Two House subcommittees will host Ebola-related hearings this week. The Energy & Commerce Subcommittee on Oversight and Investigations will hold a session Nov. 18 examining the public health response to the Ebola outbreak. It will feature testimony from Dr. Thomas Frieden, director of the Centers for Disease Control and Prevention, Nicole Lurie, HHS assistant secretary for preparedness and response and Dr. Boris Lushniak, the acting U.S. surgeon general.
The House Subcommittee on Health will hold a session Nov. 19 focusing on medical product development in the wake of the Ebola epidemic in West Africa. Those presenting testimony for that hearing have yet to be announced.
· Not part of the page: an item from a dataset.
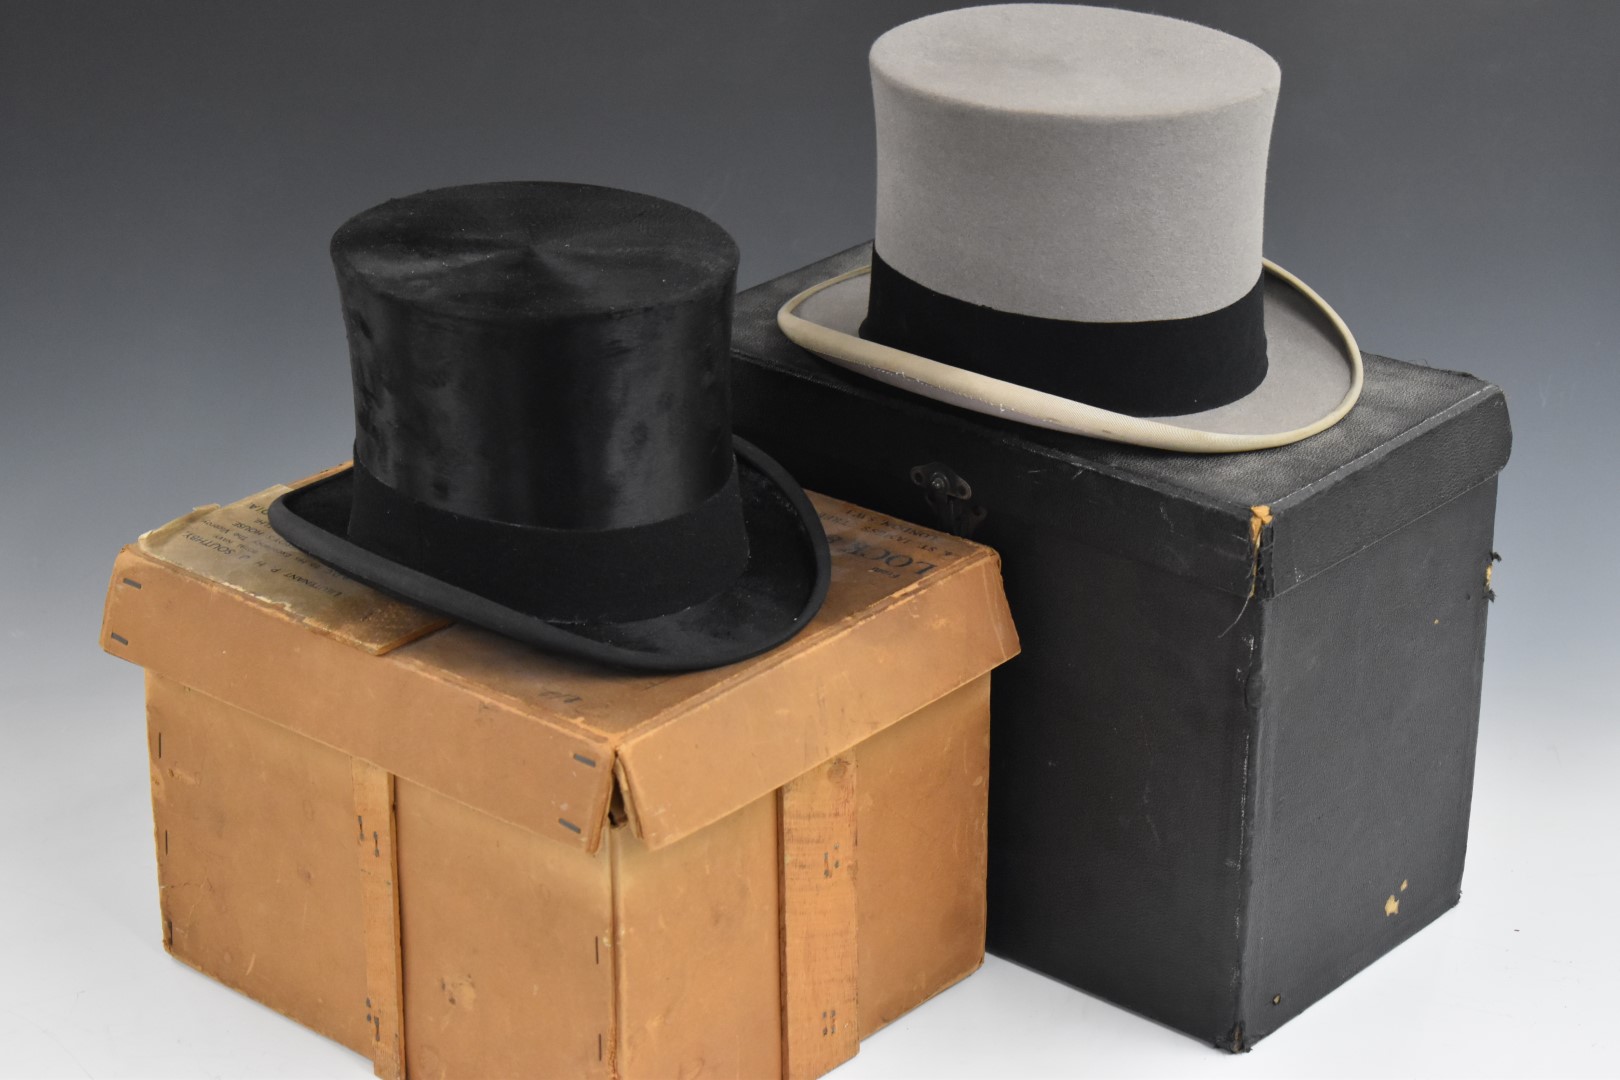 Two vintage James Lock silk top hats, one in original carry case, the other in a vintage Lock & Co

“We need to confirm that the United States is … taking every precaution and fully preparing our healthcare system for additional cases here at home,” said Energy & Commerce chairman Fred Upton in a written statement. “Equally as important is stopping the spread of this horrific virus in West Africa and finding effective vaccines, diagnostics and treatments for Ebola, as well as the thousands of other diseases that lack remedies.” The hearings come as the Obama administration waits to see if Congress will approve its request for $6.2 billion in emergency funds to support efforts to prohibit the further spread of the Ebola virus and to treat infected people in other countries.
The Senate and House Appropriations Committees are assembling a spending package to fund federal programs for the rest of the fiscal year ending Sept. 30, 2015. The Ebola request would be folded into that bill. The legislation would need to be on the president's desk by Dec. 11, when current government funding runs out.